DATA Step, Macro, Functions and more

Grouping Transaction Data

Accepted Solution Solved
Reply
Contributor
Posts: 22
Accepted Solution

Grouping Transaction Data

Hello,

 

I would like to identify account transactions that have a blank transaction group (tran_group = ' ')
AND have a description (desc) the same as a description from a previous transaction that has been already
been classified as 'Income' (tran_group = Income).

 

The background is that a transaction would be classified as 'Income' if it meets certain criteria - ie regular and amount within 10% of last payment.  However some transactions will be missed such as bonuses and commissions. 
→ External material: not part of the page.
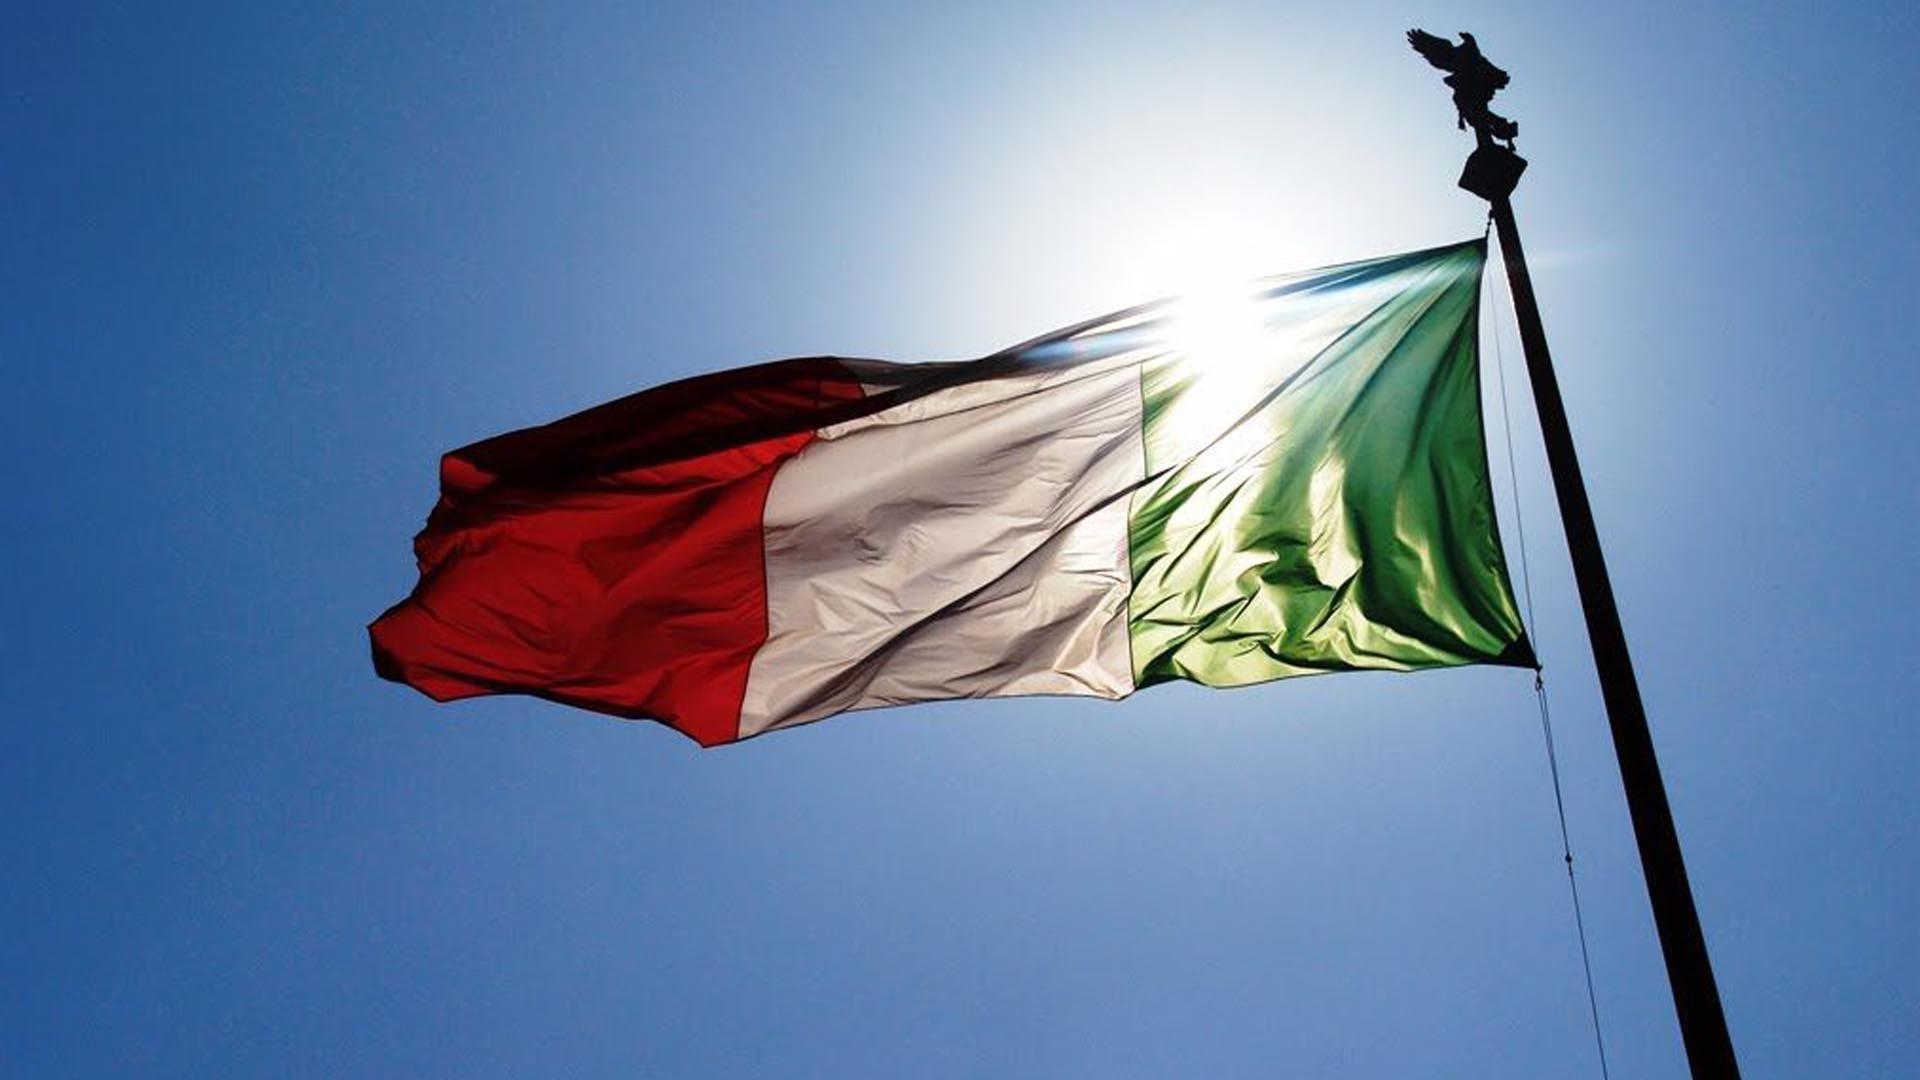 tricolore italiano storia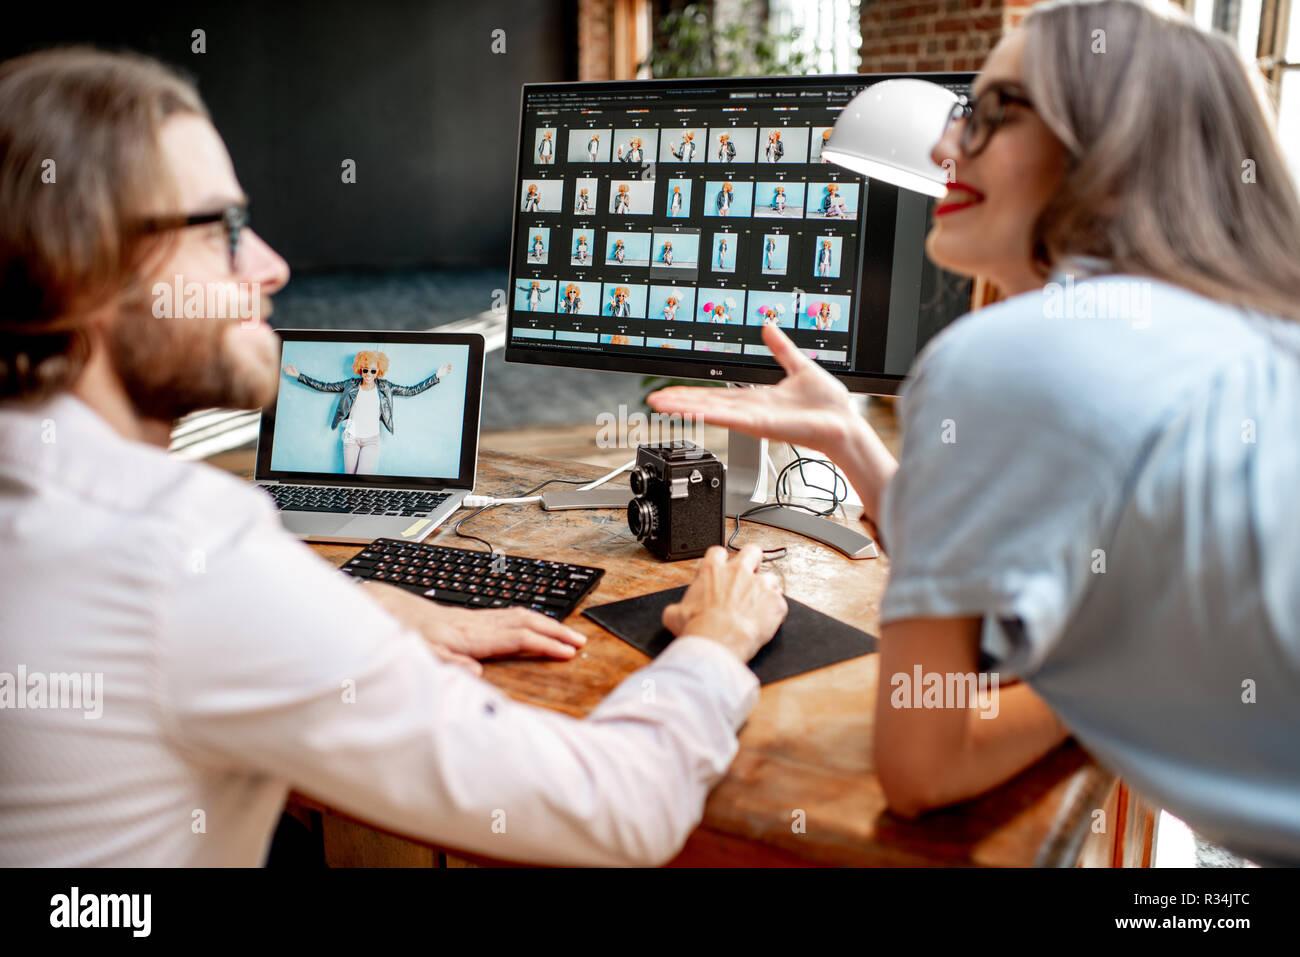 Pareja joven de fotógrafos que trabajan con retratos de la mujer en el lugar de trabajo con dos ordenadores en el studio Foto de stock

So I would like to identify these and classify them as tran_group = 'Income Non Base'.

 

To do this I need the sas code to look back through all the accounts transactions - which could be most likely upto 100 transactions prior to the current transaction and check if the same 'desc' has appeared before AND has also previously been flagged as 'Income' 
(tran_group = 'Income'), otherwise left blank.

 

Here is a temp dataset:

 

data temp;
infile datalines dlm=',' truncover;
informat account $2. date DATE9. tran_code $2. desc $20. tran_group $20.;
input account date tran_code desc tran_group;
format date DATE9.;
datalines;
S1, 12MAY2010, 47, From KPMG, Income
S1, 10SEP2010, 52, Expense PPWC, Living Expense
S1, 16APR2011, 47, From KPMG,
S1, 14JUN2011, 52, From KPMG,
T1, 11MAR2014, 30, From Forts Mining, Income
T1, 11MAY2014, 30, From Forts Mining,
T1, 12SEP2017, 41, From ABA Accountants, Income
T1, 10JUN2018, 31, From ATO XYX, Tax Expense
U1, 14FEB2011, 32, From YYY Surveyors, Income
U1, 20MAY2011, 41, From ATA LAWYERS XYX, Income,
U1, 14JUN2011, 32, From YYY Surveyors,
U1, 16OCT2011, 32, From ATA LAWYERS XYX,
U1, 18DEC2011, 41, From ATA LAWYERS XYX,
;
run;

 

When this match occurs I would like the current transaction to be classified as 'Income Non Base' (tran_group = 'Income Non Base')

So in the infile example above, the following transactions in bold would then be classified as 'Income Non Base'.

 

S1, 12MAY2010, 47, From KPMG, Income
S1, 10SEP2010, 52, Expense PPWC, Living Expense
S1, 16APR2011, 47, From KPMG, Income Non Base
S1, 14JUN2011, 52, From KPMG, Income Non Base

T1, 11MAR2014, 30, From Forts Mining, Income
T1, 11MAY2014, 30, From Forts Mining, Income Non Base
T1, 12SEP2017, 41, From ABA Accountants, Income
T1, 10JUN2018, 31, From ATO XYX, Tax Expense

U1, 14FEB2011, 32, From YYY Surveyors, Income
U1, 20MAY2011, 41, From ATA LAWYERS XYX, Income,
U1, 14JUN2011, 32, From YYY Surveyors, Income Non Base
U1, 16OCT2011, 32, From ATA LAWYERS XYX, Income Non Base
U1, 18DEC2011, 41, From ATA LAWYERS XYX, Income Non Base

 

thanks

Sally


Accepted Solutions
Solution
‎09-05-2017 12:14 AM
Super User
Posts: 10,580

Re: Grouping Transaction Data

The subquery produces more than one result for a given where condition. You probably need to refine the b.date < a.date part so that it yields only the maximum date within that range.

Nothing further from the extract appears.